Wenn weder Recht und Gerechtigkeit noch die Bürgerplattform die Mehrheit gewinnen, kann das Ergebnis von der Konföderation abhängen. Würden ihre Führer eine Vernunftehe mit der Bürgerplattform eingehen? Und wäre die Bürgerplattform bereit, den Extremismus der Konföderation zu tolerieren, um die demokratischen Institutionen des Landes vor einer zunehmend autoritären Regierung zu schützen? Es gibt keine Möglichkeit, es zu wissen.

Eine weitere Launenhaftigkeit ergibt sich aus der unsicheren Leistung kleinerer Oppositionsbewegungen. Polens Wahlsystem ist größtenteils proportional, aber eine relativ hohe Wahlhürde macht es schwierig vorherzusagen, welche Parteien und Koalitionen im Parlament vertreten sein werden. Wenn die dezimierte Linke des Landes oder eine neue zentristische Koalition die Hürde nicht schafft, werden die Stimmen unter den Parteien neu verteilt, die das schaffen. Ein solches Szenario könnte, wie in den Jahren 2015 und 2019, dazu beitragen, dass „Recht und Gerechtigkeit“ eine Mehrheit im Parlament gewinnen, ohne eine Mehrheit der Volksabstimmungen zu erhalten.

Eine letzte Ungewissheit besteht darin, ob die Regierungspartei das Ergebnis akzeptieren würde, wenn sie verliert und trotz ihrer Kontrolle über die Institutionen des Landes eine friedliche Machtübergabe ermöglichen würde. Während des Wahlkampfs hat Law and Justice alle ihm zur Verfügung stehenden Hebel genutzt, um sich unfaire Vorteile zu verschaffen. Wenn polnische Bürger wählen gehen, werden auf ihrem Stimmzettel Referendumsfragen stehen, die tendenziell so formuliert sind, dass sie andeuten, dass die Opposition Staatsvermögen an ausländische Unternehmen verkaufen, das Rentenalter erhöhen und das Land mit illegalen Einwanderern überschwemmen würde. Solche illegalen Taktiken lassen auch das Gespenst aufkommen, dass die Regierung ihren Einfluss auf die Wahlkommission des Landes nutzen könnte, um zu betrügen, wenn die Opposition bei den Wahlen irgendwie siegt.

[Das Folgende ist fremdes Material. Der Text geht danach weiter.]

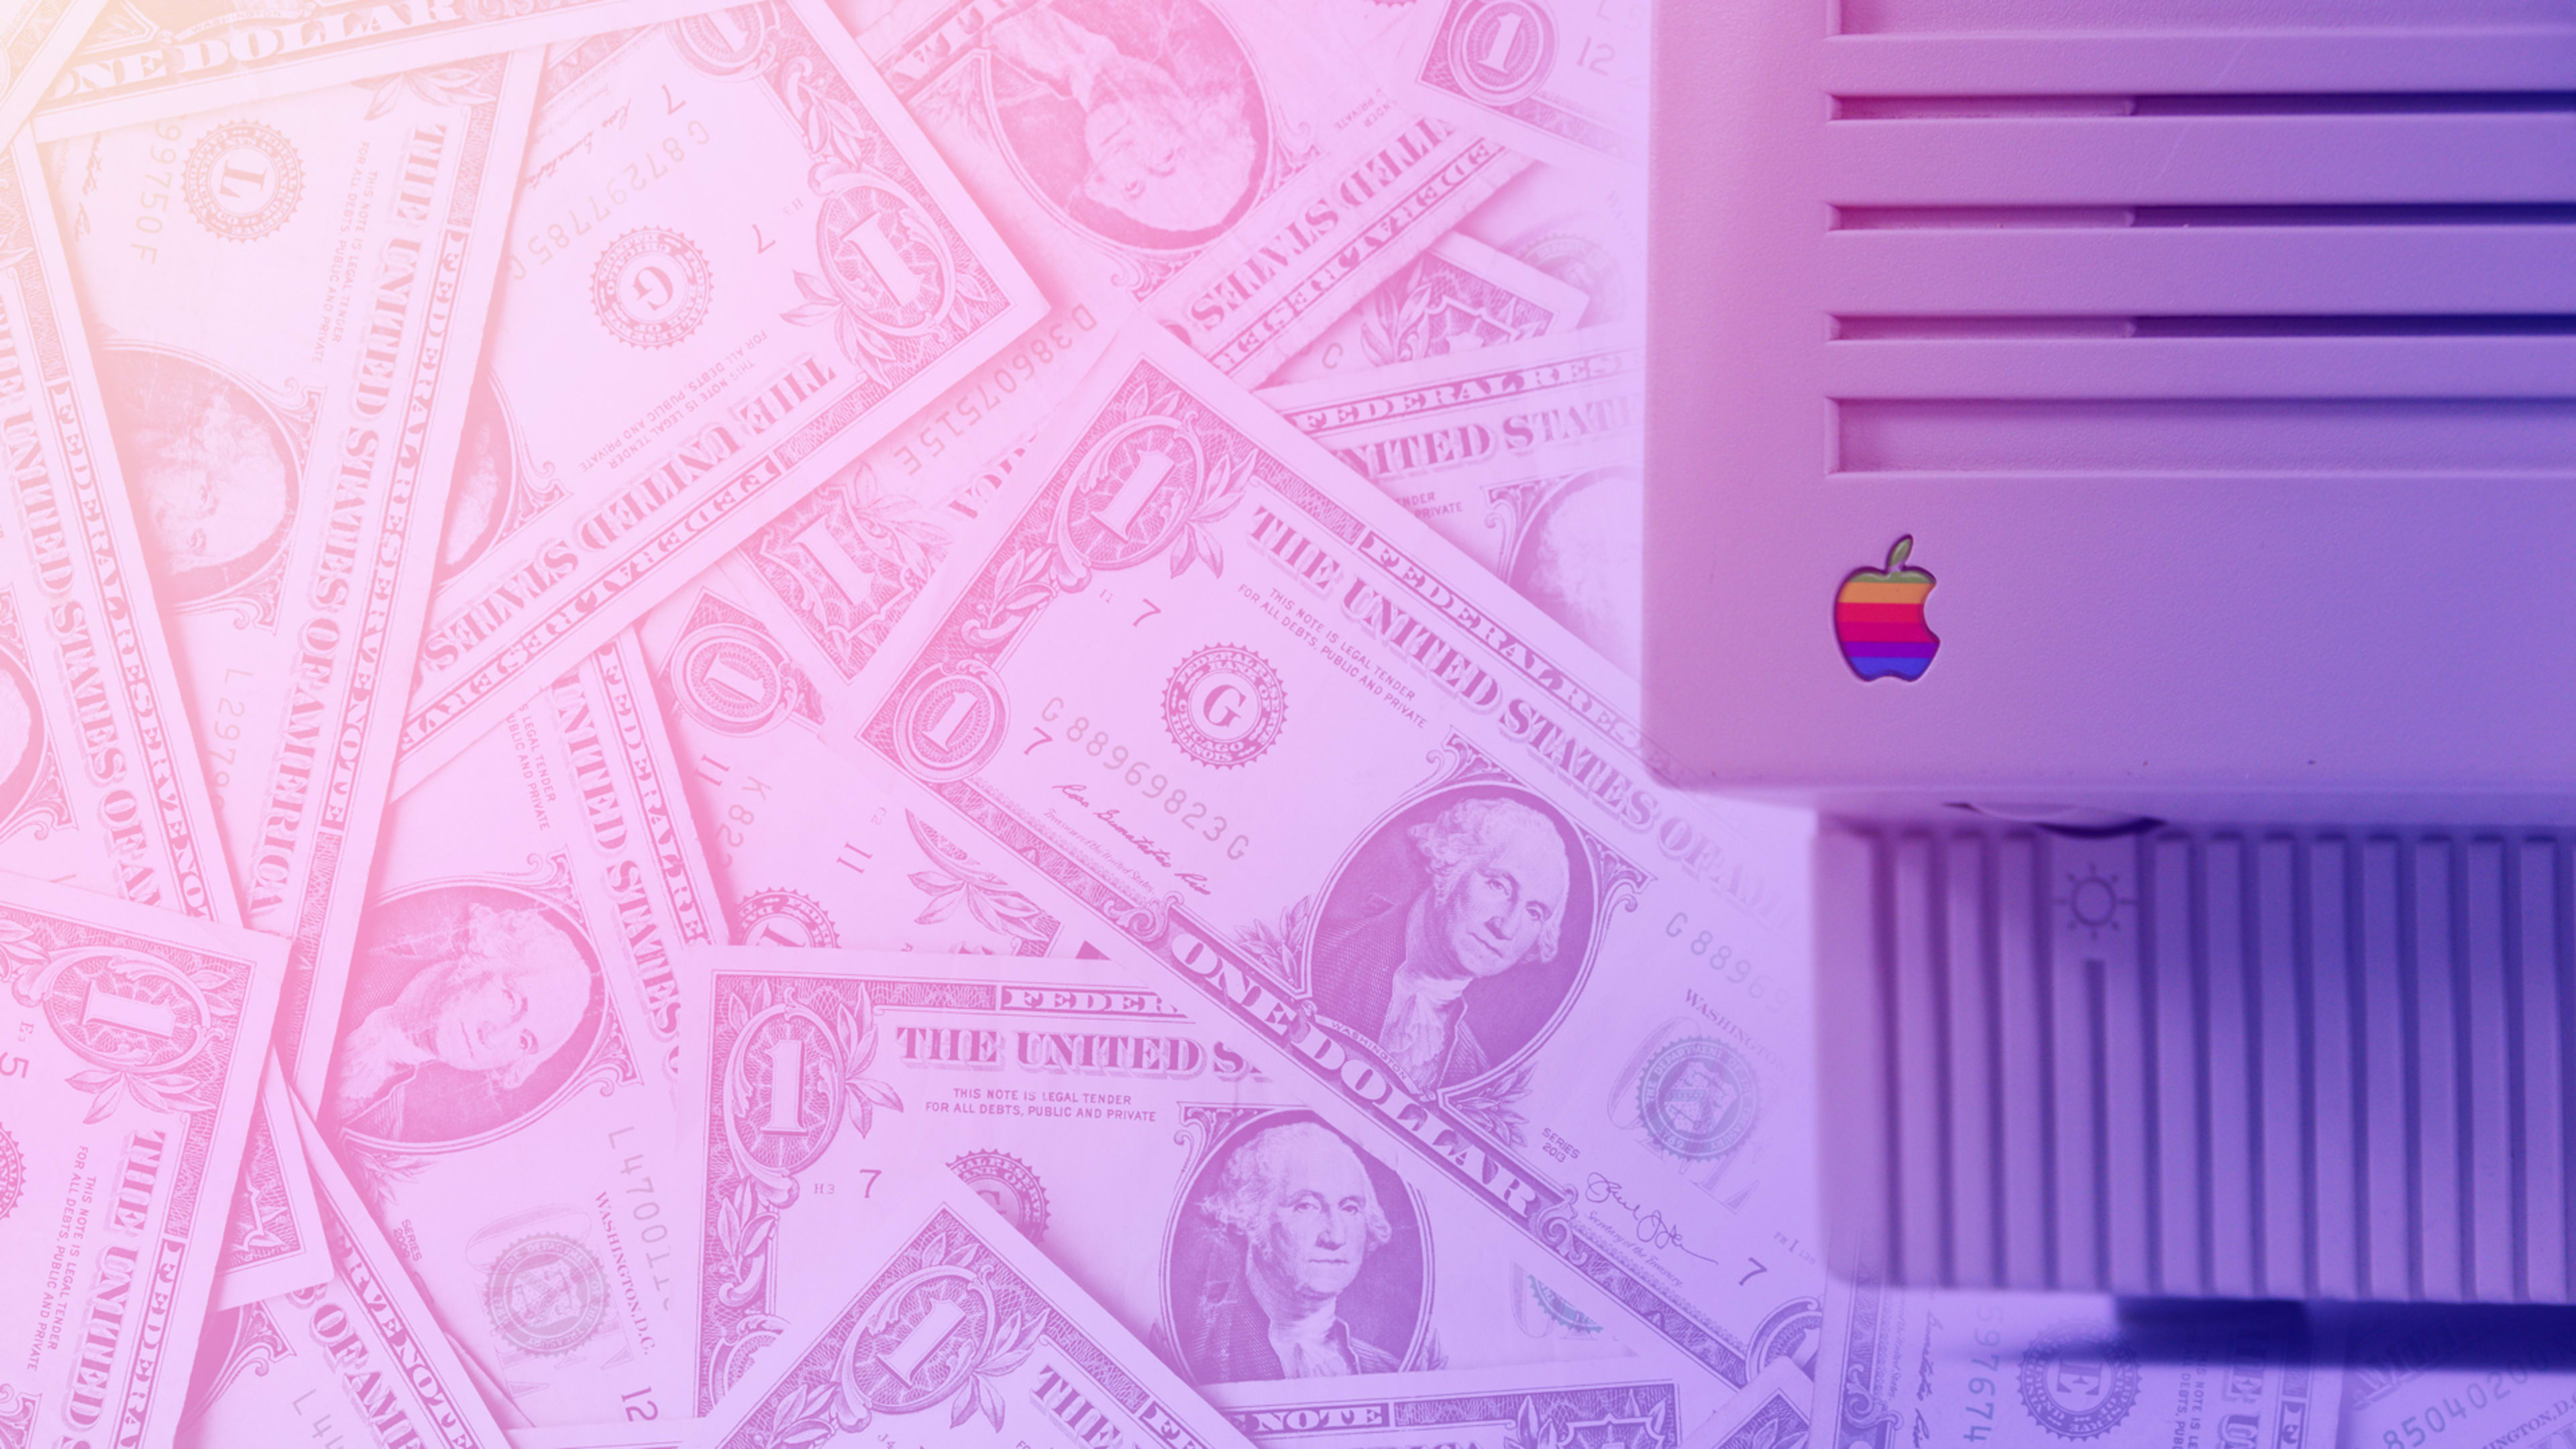 Is Apple a money machine or still worthy of true faith? It’s both

Nach dem Zerfall der Sowjetunion und dem Verlust ihrer Macht über Vasallenstaaten in Mitteleuropa spalteten sich die Schicksale der Länder, die zuvor unter der Kontrolle Moskaus standen. Einige, wie etwa Weißrussland, wurden zu brutalen Diktaturen. Andere, darunter Polen und Ungarn, schienen auf dem Weg zur Aufrechterhaltung wirklich freier Gesellschaften zu sein.

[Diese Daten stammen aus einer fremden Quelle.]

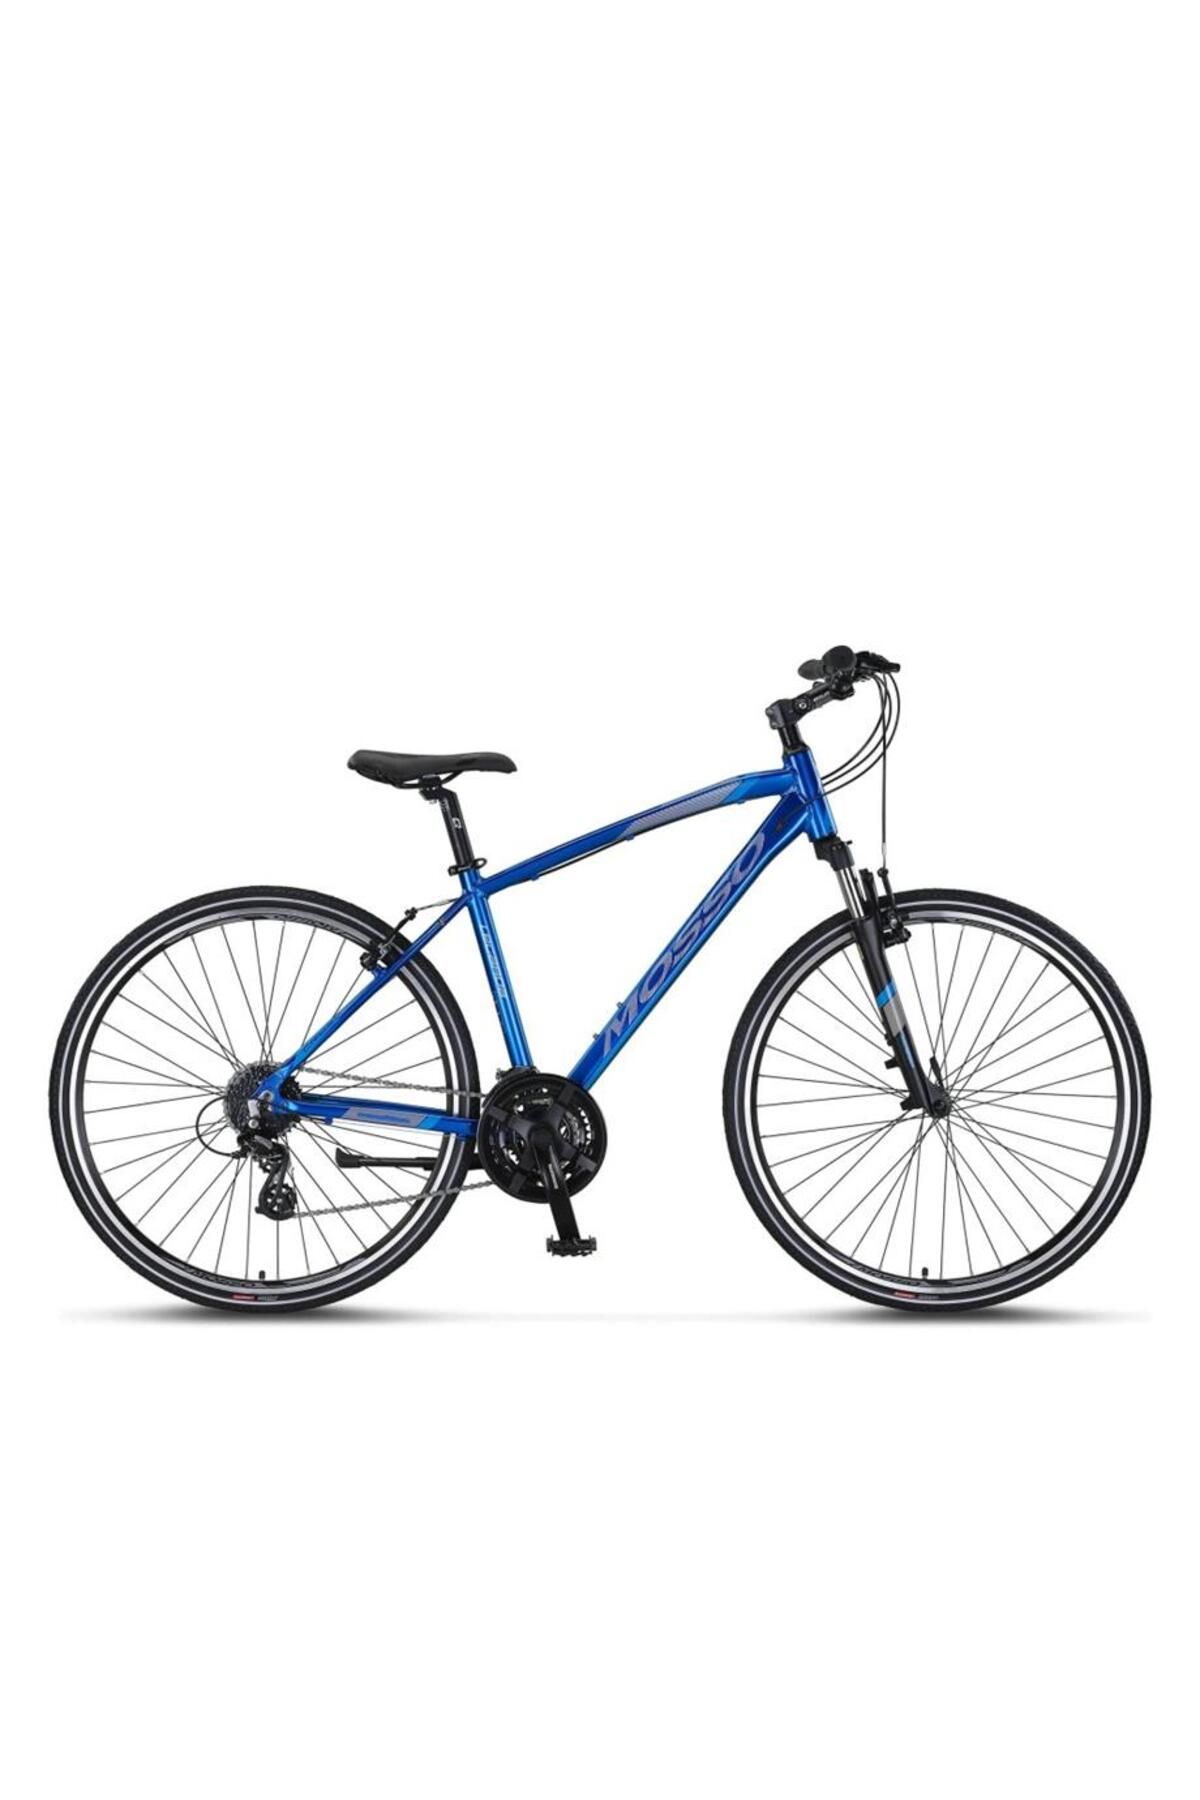 Mosso Legarda-2324-msm-v Erkek Şehir Bisikleti 510h 28 Jant 24 Vites Lacivert Mavi

Drei Jahrzehnte später erscheinen diese Annahmen übermäßig optimistisch. Der Traum von einem erfolgreichen Übergang vom Kommunismus zur Demokratie bleibt in Warschau und anderswo in Mitteleuropa lebendig, aber ob diese Länder dem Trend zum Autoritarismus standhalten können, ist jetzt tragischerweise sehr zweifelhaft.